6 The statistics make
clear that an expansion of rail transport at the expense of other means of transport would have
an emission-reducing effect in the transport sector. Without the external costs resulting from
factors such as noise and environmental pollution, the conditions for freight transport by road
are more favourable which results in a higher share in the modal split, but if these costs were
included, significantly more freight transport would be shifted to rail, since the external costs
there are about one third of those of road freight transport.7
The design of different rail transport networks and their popularity depends largely on various
geological, economic, political, social and especially historic factors. This can result in incompatibility problems when trying to connect rail networks internationally to meet the needs of
modern transport requirements,
8
so rail infrastructure expansion should be thought supranational.
5
2 Sustainability Impact and Measurement
Rail transport exerts a variety of influences on sustainability. In this section of the research,
these impacts are divided into the different dimensions of sustainability. Here, the section is
divided into impact on the planet (environmental sustainability), people (social sustainability)
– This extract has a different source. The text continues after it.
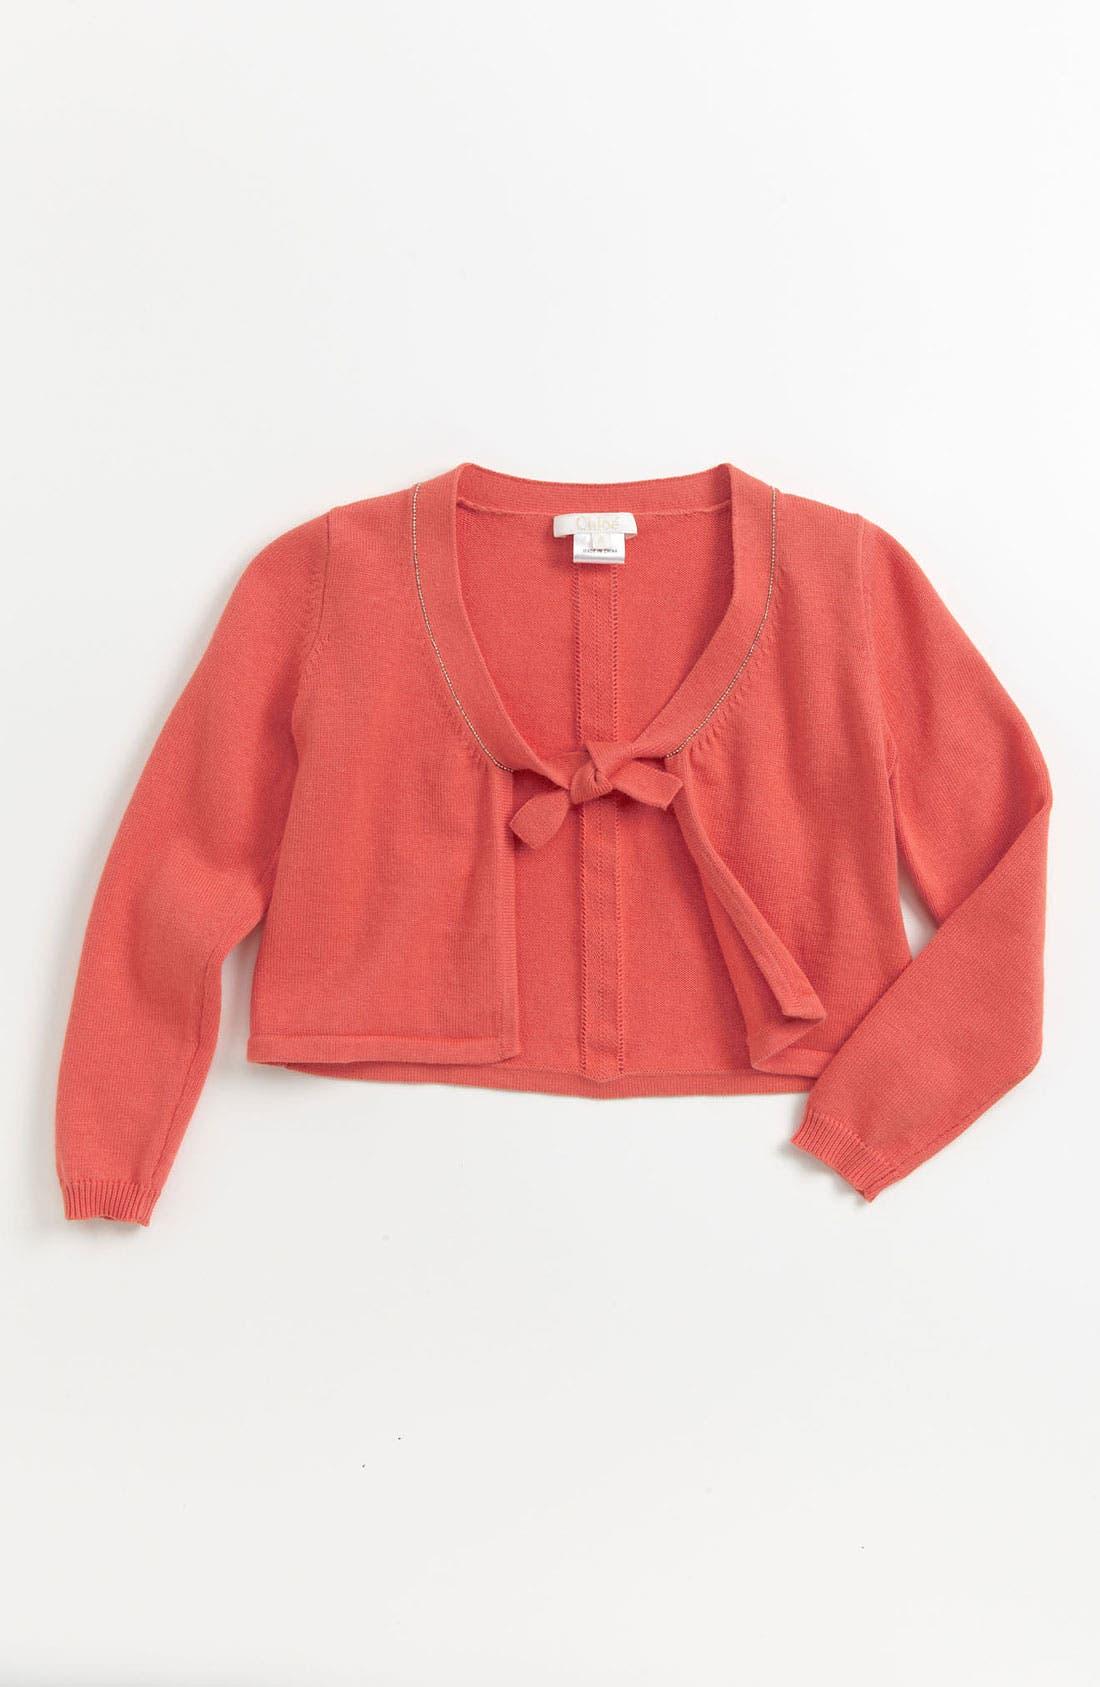 Alternate Image 1 Selected - Chloé Knit Bolero (Toddler, Little Girls & Big Girls)
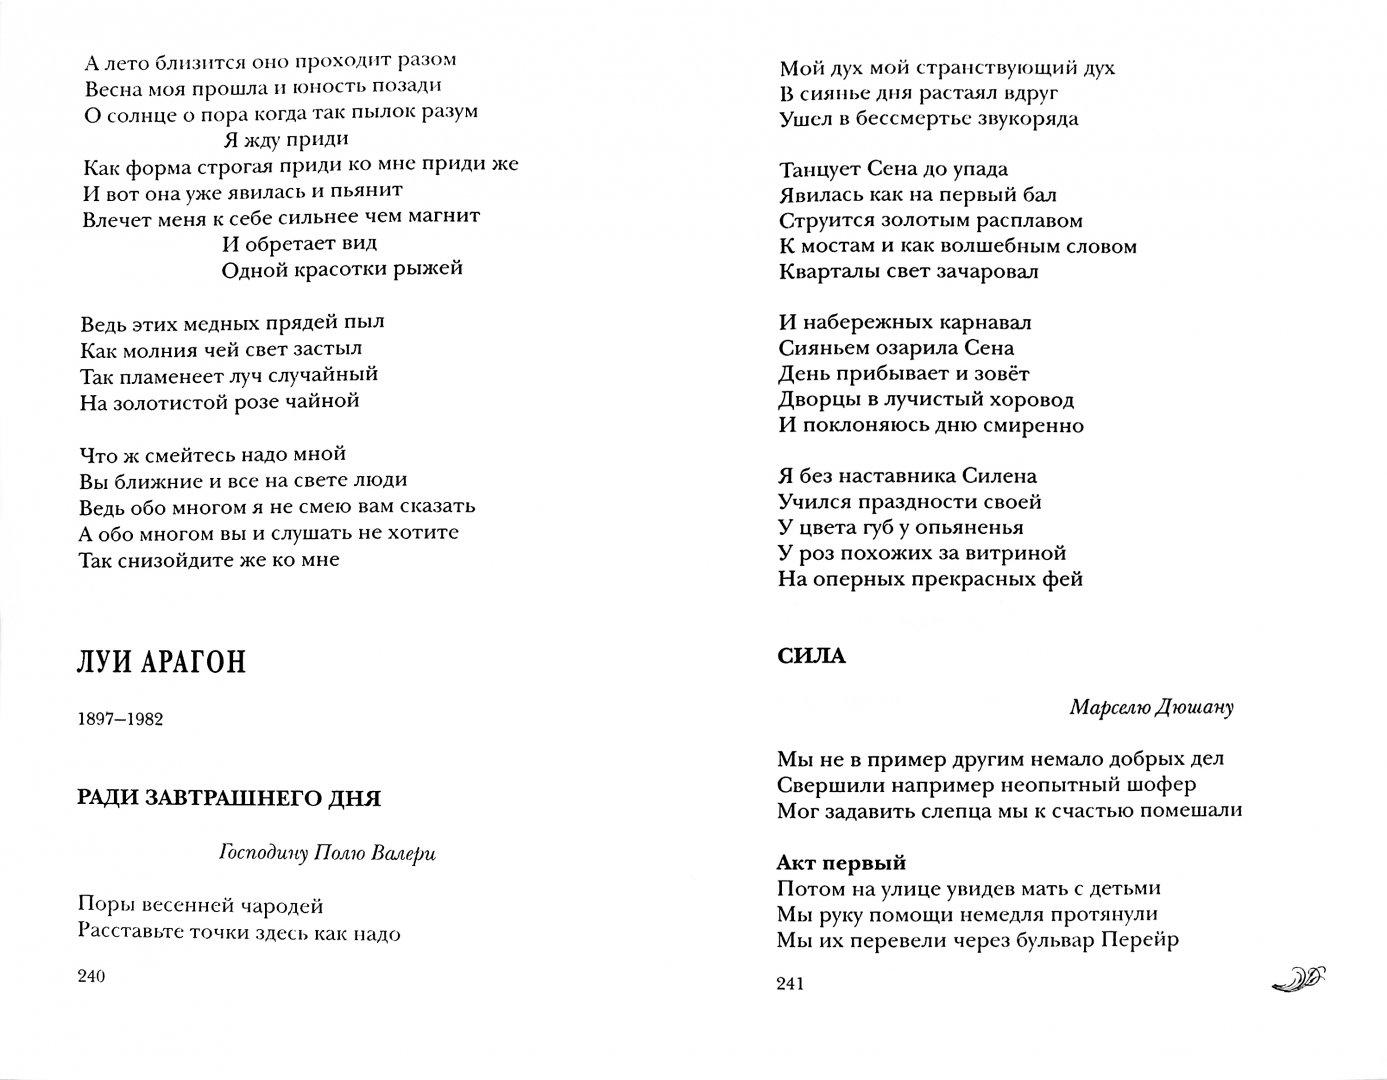 Иллюстрация 1 из 11 для Паломник: Страницы европейской поэзии ХIV-XX вв   Лабиринт - книги. Источник: Лабиринт

and profit (economic sustainability). For each aspect, different methods for measuring sustainability are presented. It is important to note that impacts can vary depending on the region, the
state of the infrastructure and the type of rail transport.
2.1 Ecological Sustainability
Ecological sustainability describes the balance of the earth’s ecological system. Here, anthropogenic emissions are considered in relation to natural resources. Anthropogenic emissions are
gases that enter the atmosphere as a result of human activity.9 These are caused, for example,
by the release of CO2 emissions during the generation of energy from fossil fuels. Due to the
economic upswing of the transport sector, the consequences of environmental pollution are increasing. The reason for this is an increased use of the various transportation options. Here, the
impact of the transport sector, including rail transport, can be measured in terms of greenhouse
gas emissions. It is estimated that 14% of the total pollution of the environment is caused by
the transport sector.10 Domestic flights account for the highest proportion of greenhouse gas
emissions in Germany, at 214 g/km. This is closely followed by emissions from passenger cars,
which amount to 154 g/km. The greenhouse gases emitted by rail transport are only 29 g/km.11
Here, it is important to note which types of drive the trains use. The use of electrically powered
trains is a more environmentally friendly mode of transport, which means that less CO2 is emitted. The prerequisite for this is the environmentally friendly production of the electricity used,
in order to keep the CO2 emissions low in the overall consideration. However, it must be noted
that the use of clean energy is only 32.07% on average. Rail transport shows an overall negative
significant correlation on environmental impact. Compared to this, air traffic shows a positive
significant correlation. With an increase in the number of rail passengers, the environmental
impact increases by only 1.63% to 4.41%, while for air traffic the values for the same increase
range from 2.2% to 7.69%.12 From this it can be concluded that with an increase in rail travelers
and a decrease in air and car travelers, the increase in greenhouse gases in rail transport increases, but the increase is significantly less than the decrease in emissions in the area of air
and car transport. Similar observations can be made for freight transport. If transport is shifted
from road to rail, 32% of emissions can be saved with an electrically powered train, but only
3% with a diesel-powered train. This comparison is made with a road utilization of 50%. The
German electricity mix is also considered, which at the time of the observation was 50% fossil
fuels. Further environmental influences are the air pollution, which goes along with the environmental pollution and is also measured by greenhouse gas emissions and CO2 emissions.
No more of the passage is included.